Let $A$ be a commutative ring and $P$ an $A$-module.

I) We'll say that $P$ is a locally free module of rank one or is invertible if $P$ is finitely generated, projective and of rank one in the sense that for every prime ideal $\mathfrak p$ of $A$ the localized $A_\mathfrak p$- module $P_\mathfrak p$ (which is free by projectiveness) is of dimension $1$.
These modules correspond bijectively, by a well known result of Serre in FAC, to locally free sheaves $\tilde P$ of rank $1$ on $\operatorname {Spec}A$, also known as invertible sheaves. This is one motivation for the above terminology.
Another justification for the terminology "invertible" is that these modules are exactly those for which the canonical evaluation map $ P^*\otimes_AP\to A$ is an isomorphism.

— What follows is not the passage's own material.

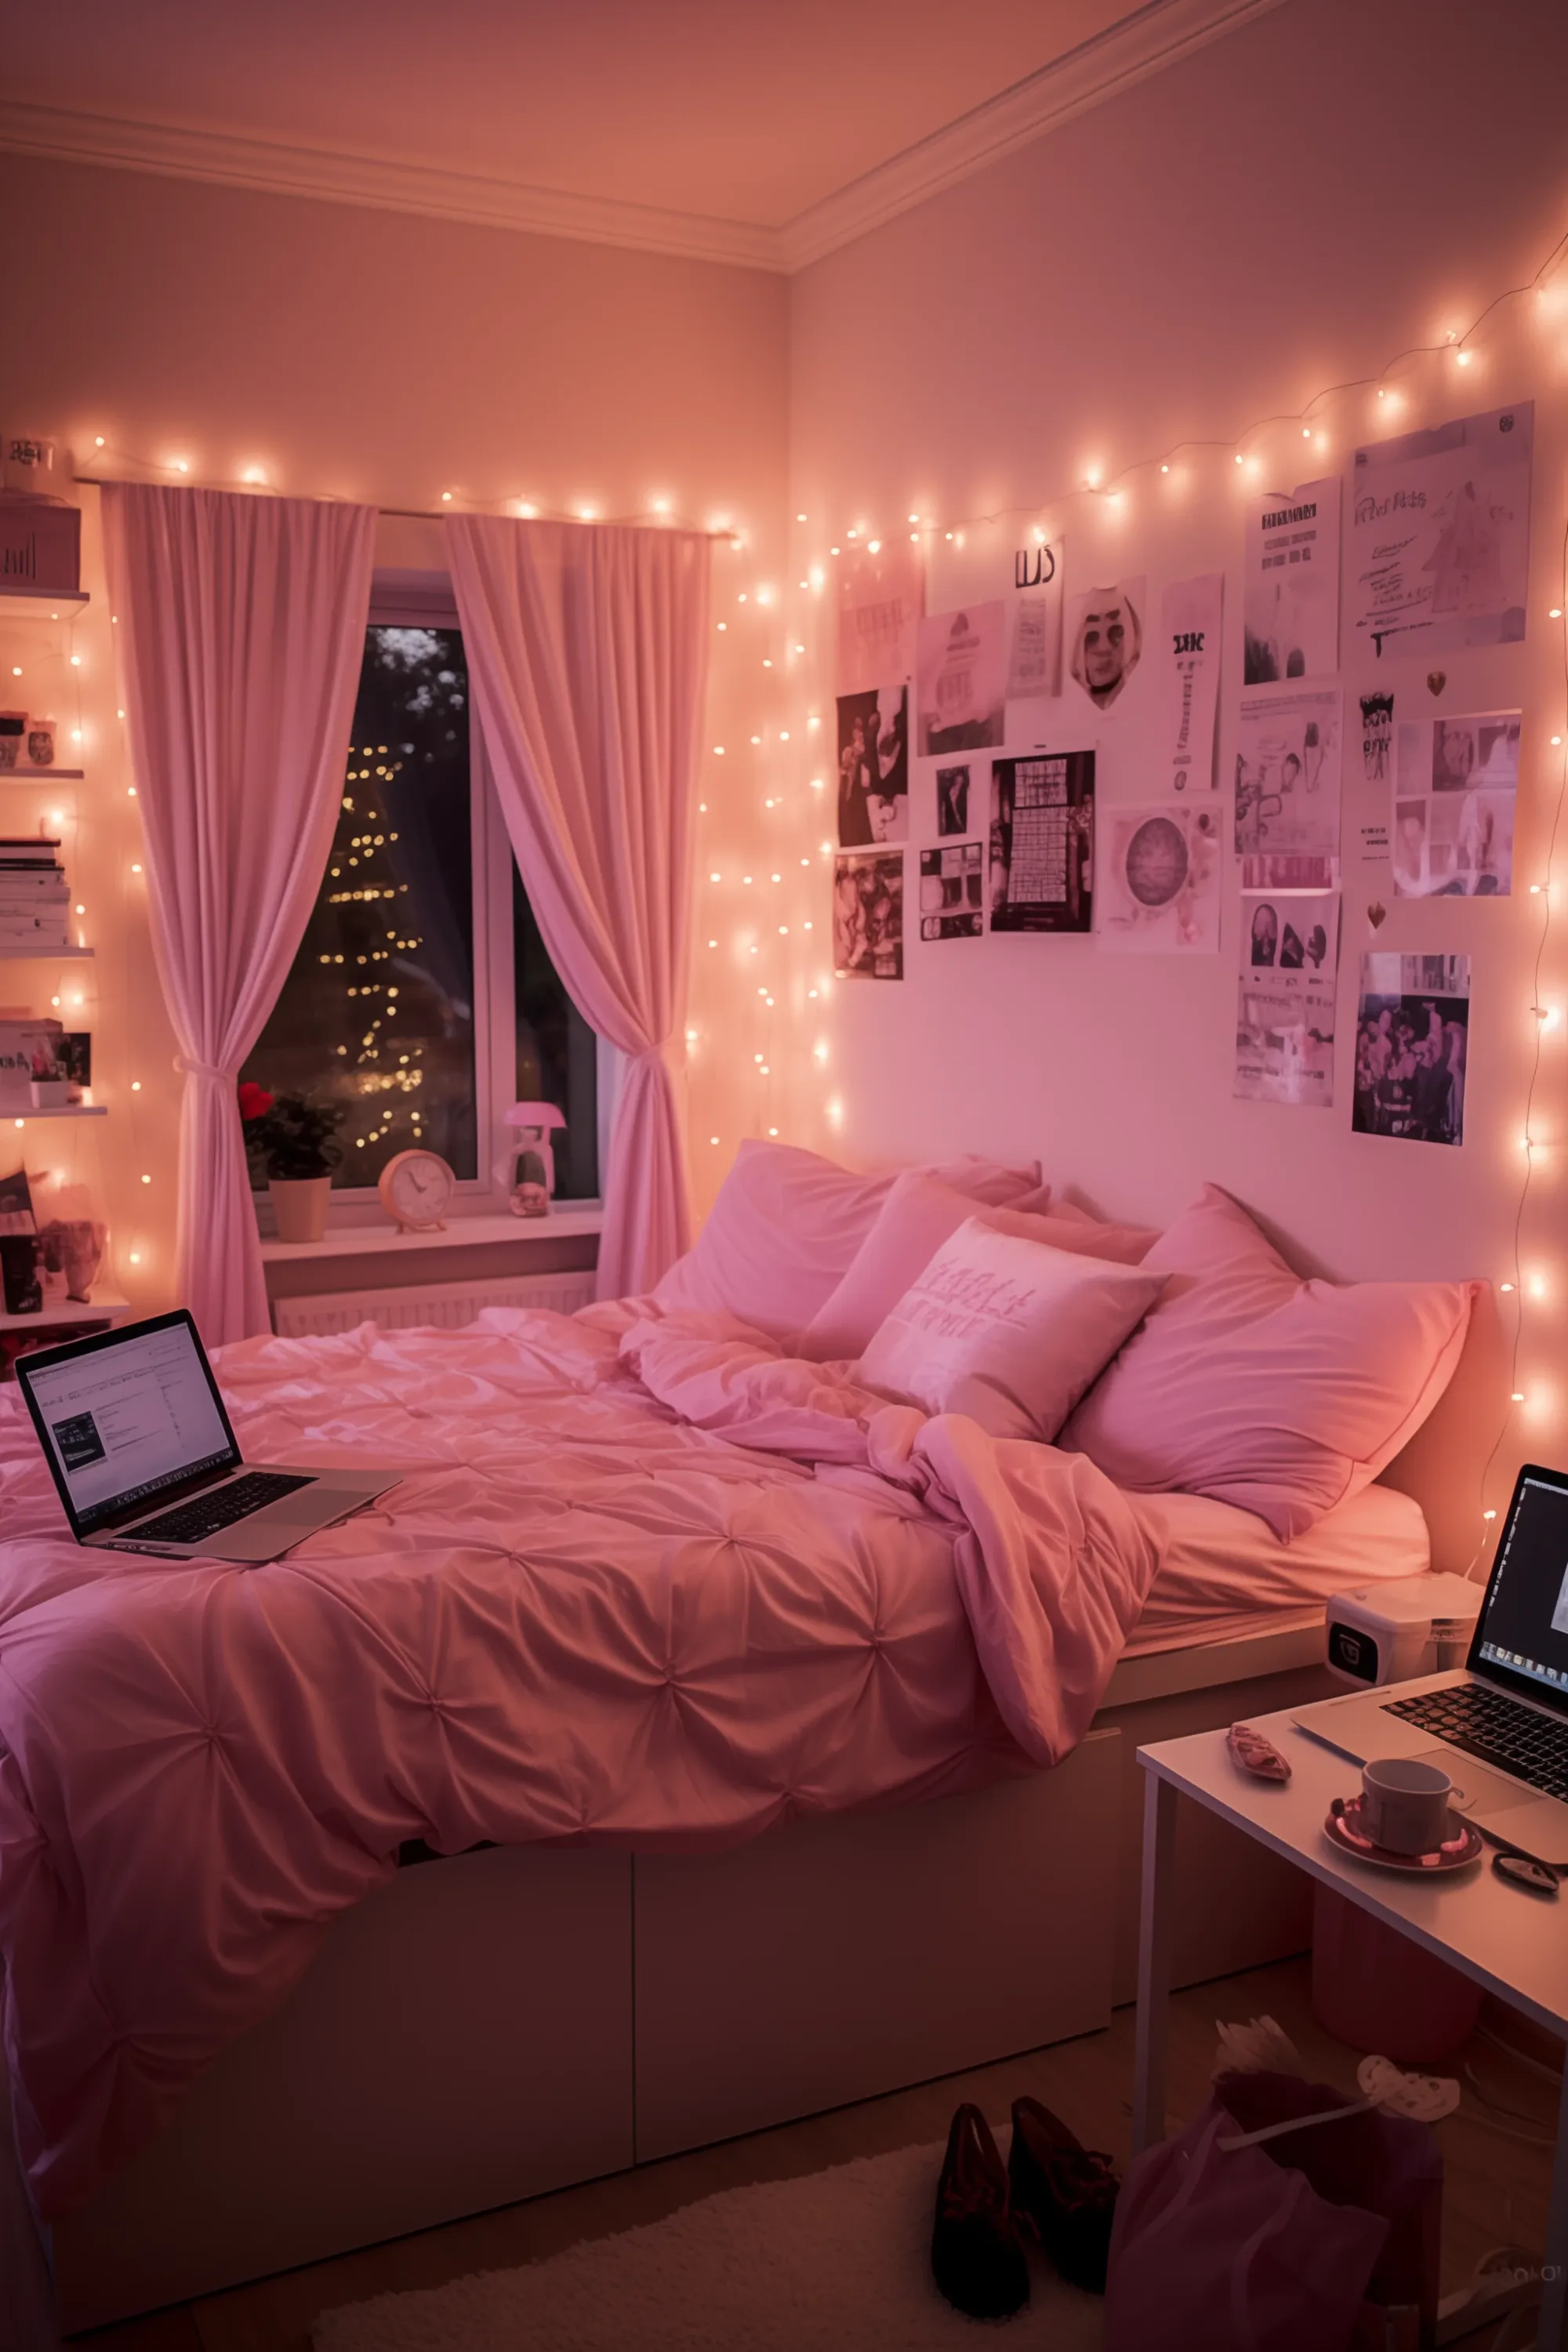 A pink and white bedroom

II) If $B\supset A$ is an overring of $A$ and $P\subset B$ is an $A$-module, we'll say that it is concretely invertible with respect to $B$ if $P.(A:P)_B=A$.
[As is standard $(A:P)_B$ denotes the set of elements $b\in B$ such that $bP\subset A$]
Lam proves in his Lectures on Modules and Rings, that these concretely invertible modules are invertible. What about the converse?

Question:
Is an invertible $A$-module $P$ isomorphic as an $A$-module to a concretely invertible module $P'\subset B$ with respect to a suitable overring $B\supset A$?

Remarks
a) Denote by $\operatorname {Quot} A$ the total quotient ring of $A$ obtained by inverting the regular (=not zero-divisors) of $A$, so that $A\hookrightarrow \operatorname {Quot} A$ is injective.
Then a submodule $P\subset \operatorname {Quot}A$ is invertible if and only if it is concretely invertible.
b) The answer is "yes" if $A$ is an integral domain: we can take $P'$ sitting inside $B=\operatorname {Frac}A$.
c) The answer is "yes" if $A$ is semi-local, since then $P$ is free of rank $1$: see here.
d) The answer is "yes" if $A$ is noetherian: in Eisenbud's Commutative Algebra, page 253, Theorem 11.6 b., it is proven that every invertible module $P$ over a noetherian ring $A$ is isomorphic to a concretely invertible submodule $P'\subset \operatorname {Quot} A$ of its total quotient ring.
e) Whatever the answer to the question is, it is definitely not true that we can always find the required $P'$ inside the total quotient ring $B=\operatorname {Quot} A$.
Lam gives a counter-example in his Lectures on Modules and Rings, Example (2.22)(A), page 37.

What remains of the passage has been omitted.